* _Work item_
For the data that follows, print the line with "Big chunk of", the line with "Abstract Painting With", and all lines between them, exactly as they stand. Omit pictures and add nothing.

* _Provided records_
══════

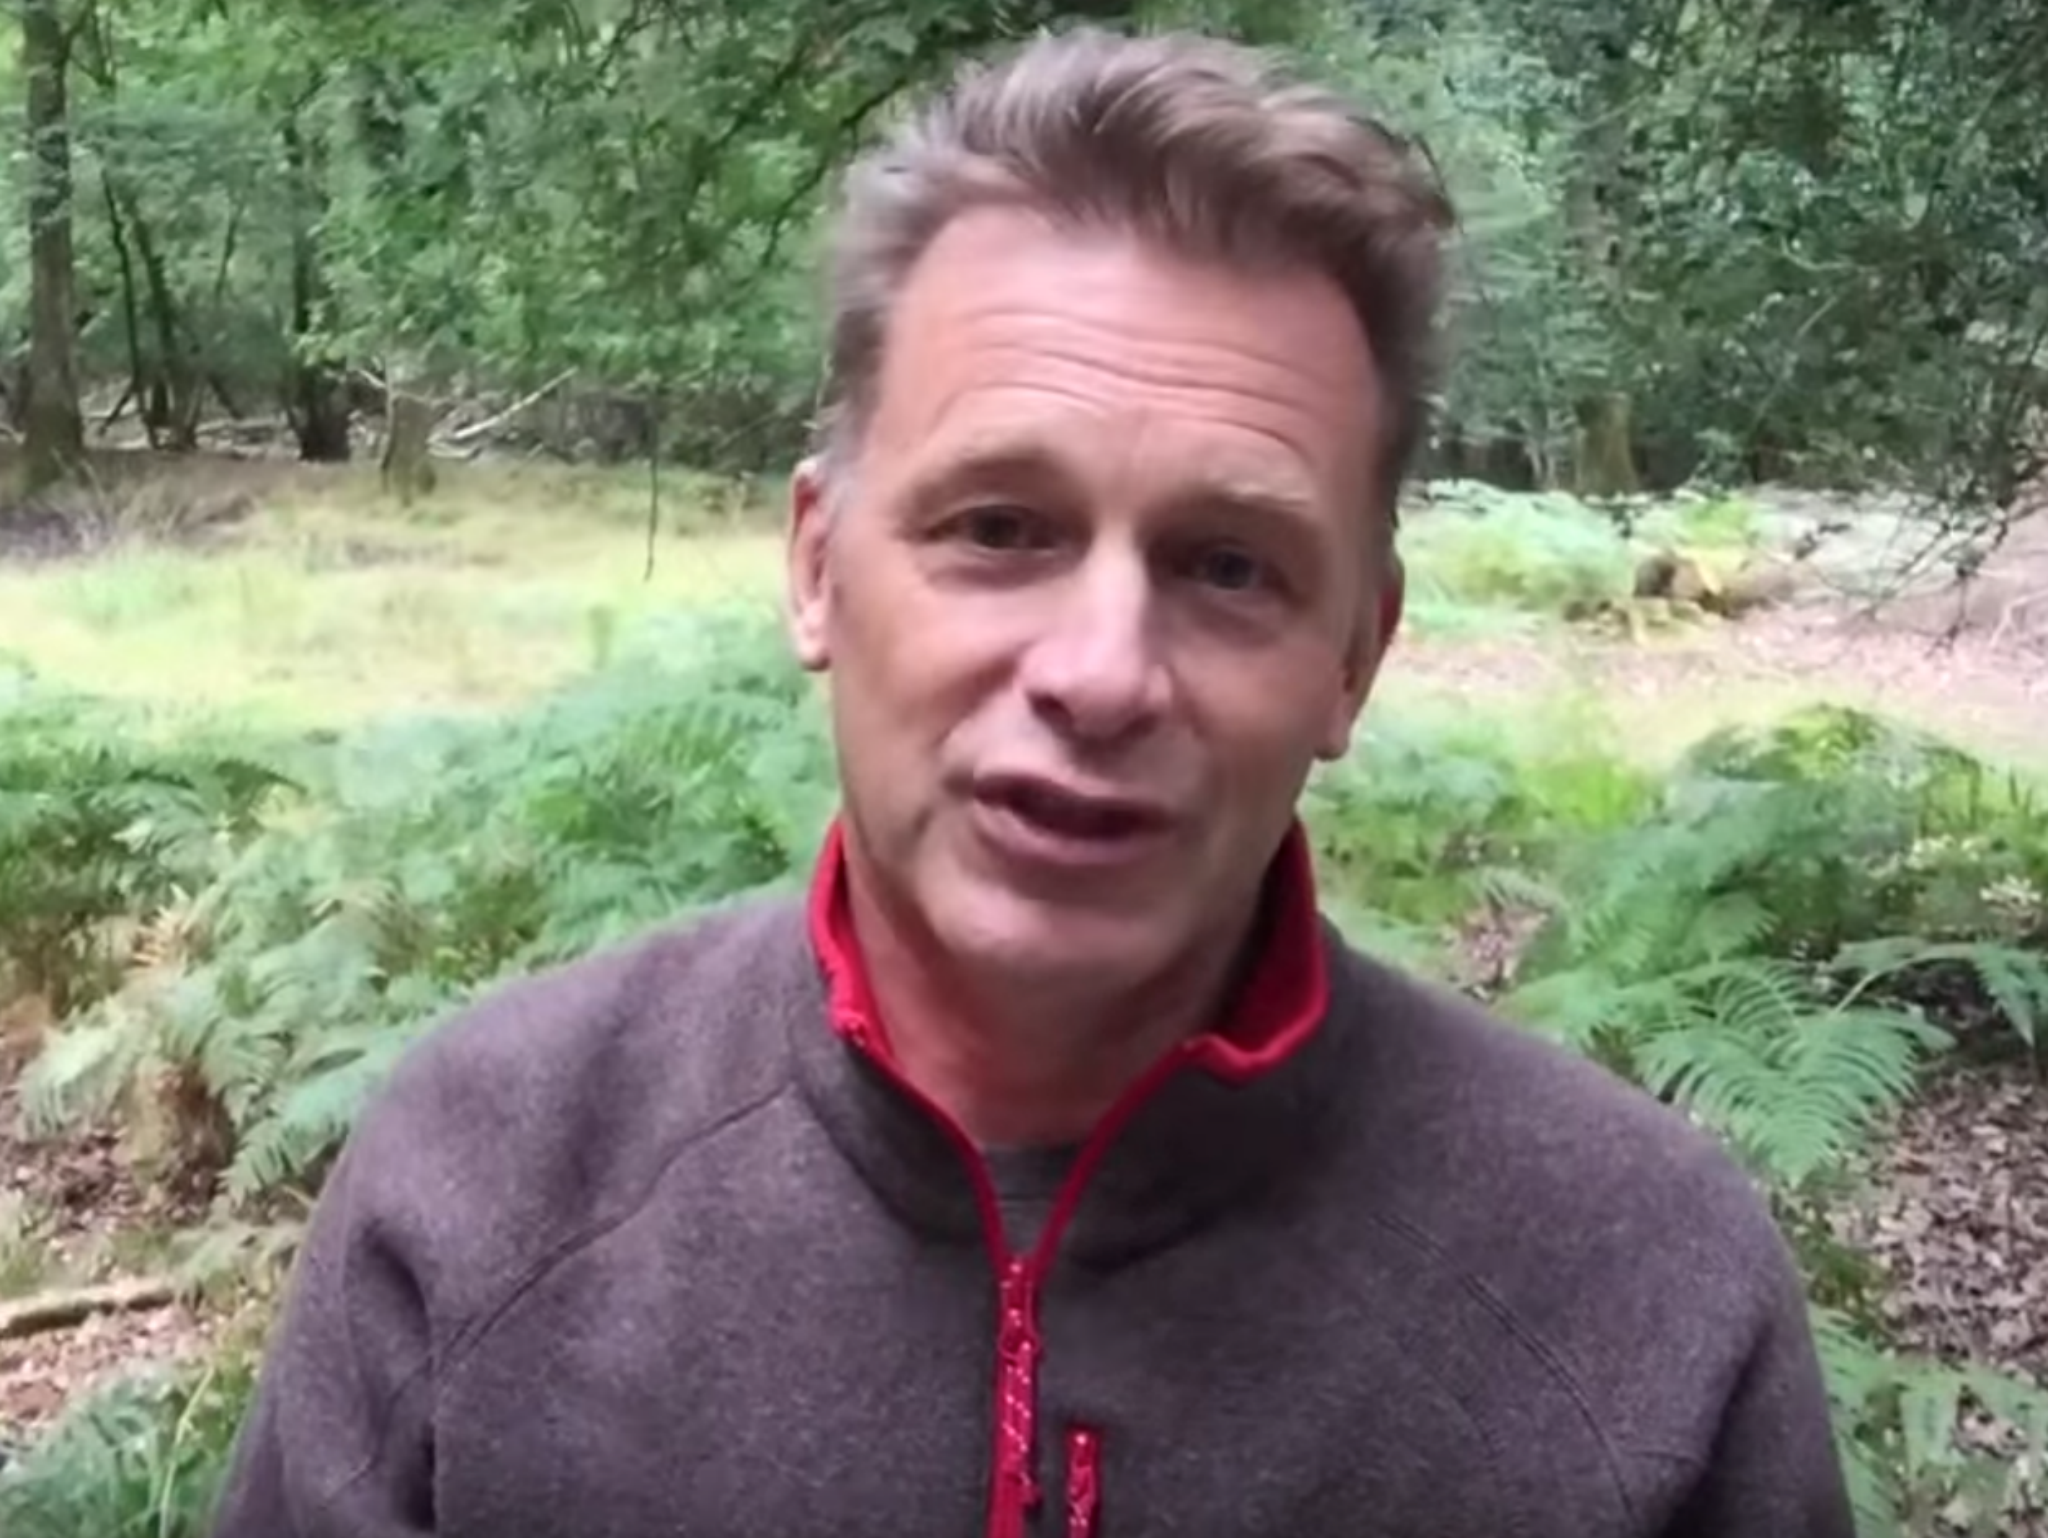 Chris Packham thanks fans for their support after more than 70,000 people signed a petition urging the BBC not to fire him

══════

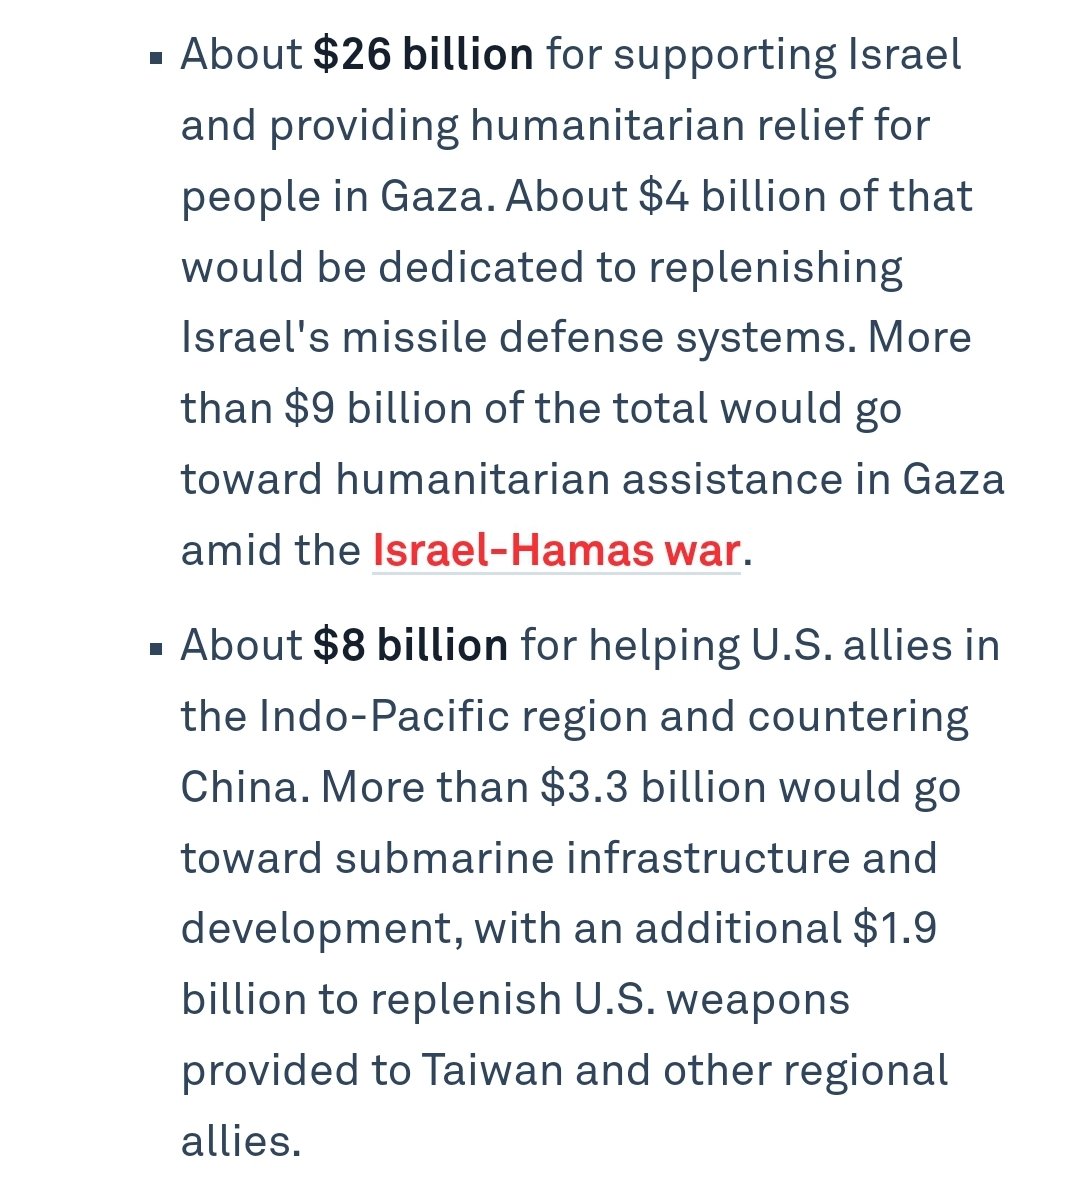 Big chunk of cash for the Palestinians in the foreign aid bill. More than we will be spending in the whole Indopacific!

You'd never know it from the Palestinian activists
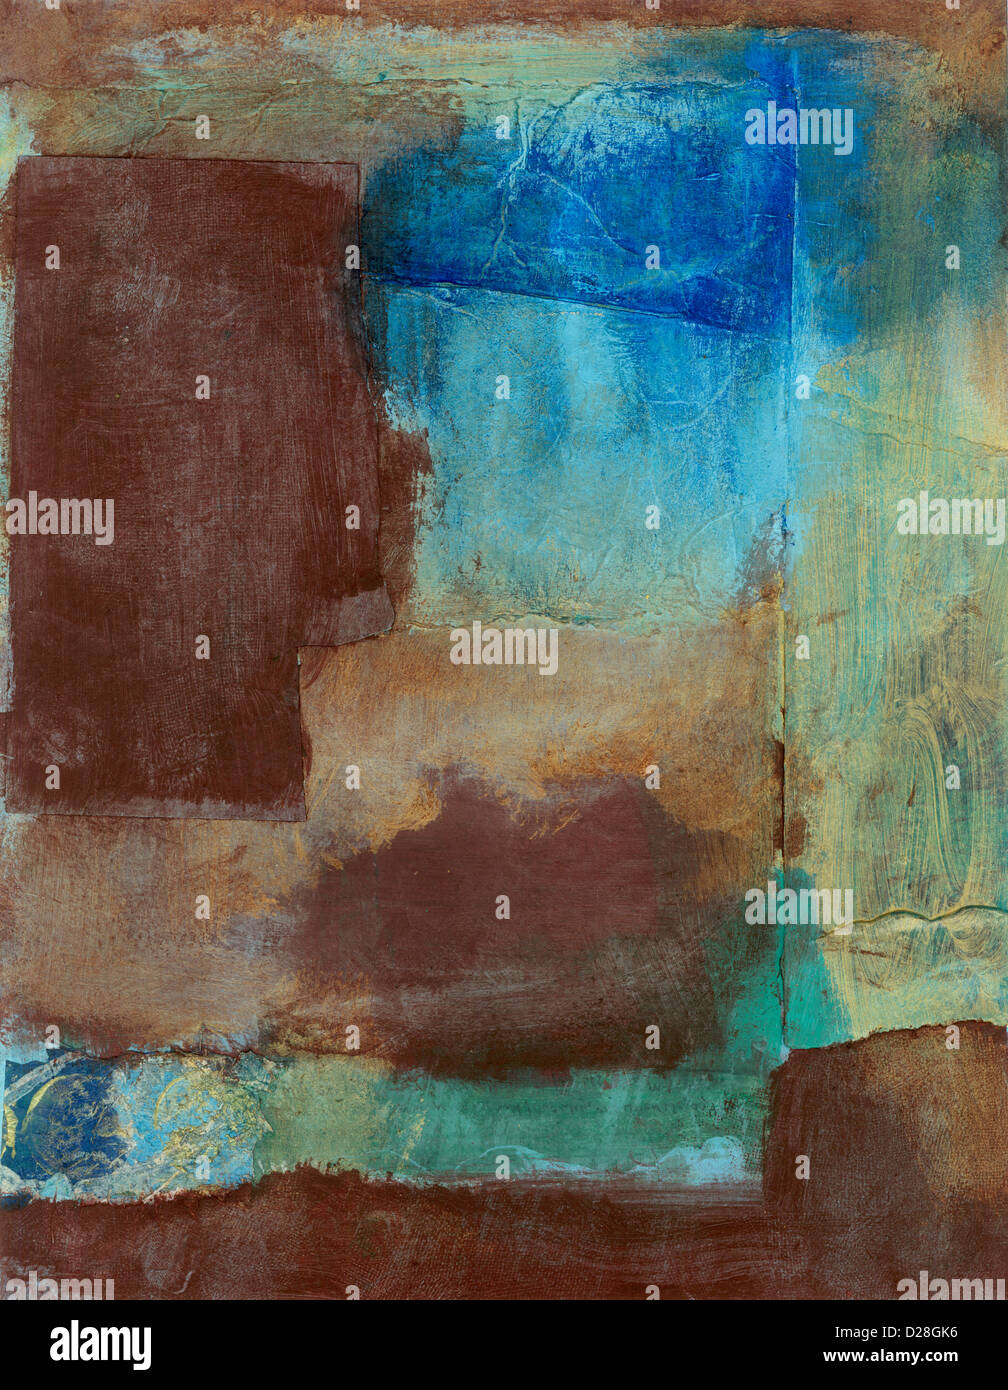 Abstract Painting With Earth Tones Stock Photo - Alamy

══════

* _Result of the exercise_
 Big chunk of cash for the Palestinians in the foreign aid bill. More than we will be spending in the whole Indopacific!

You'd never know it from the Palestinian activists
 Abstract Painting With Earth Tones Stock Photo - Alamy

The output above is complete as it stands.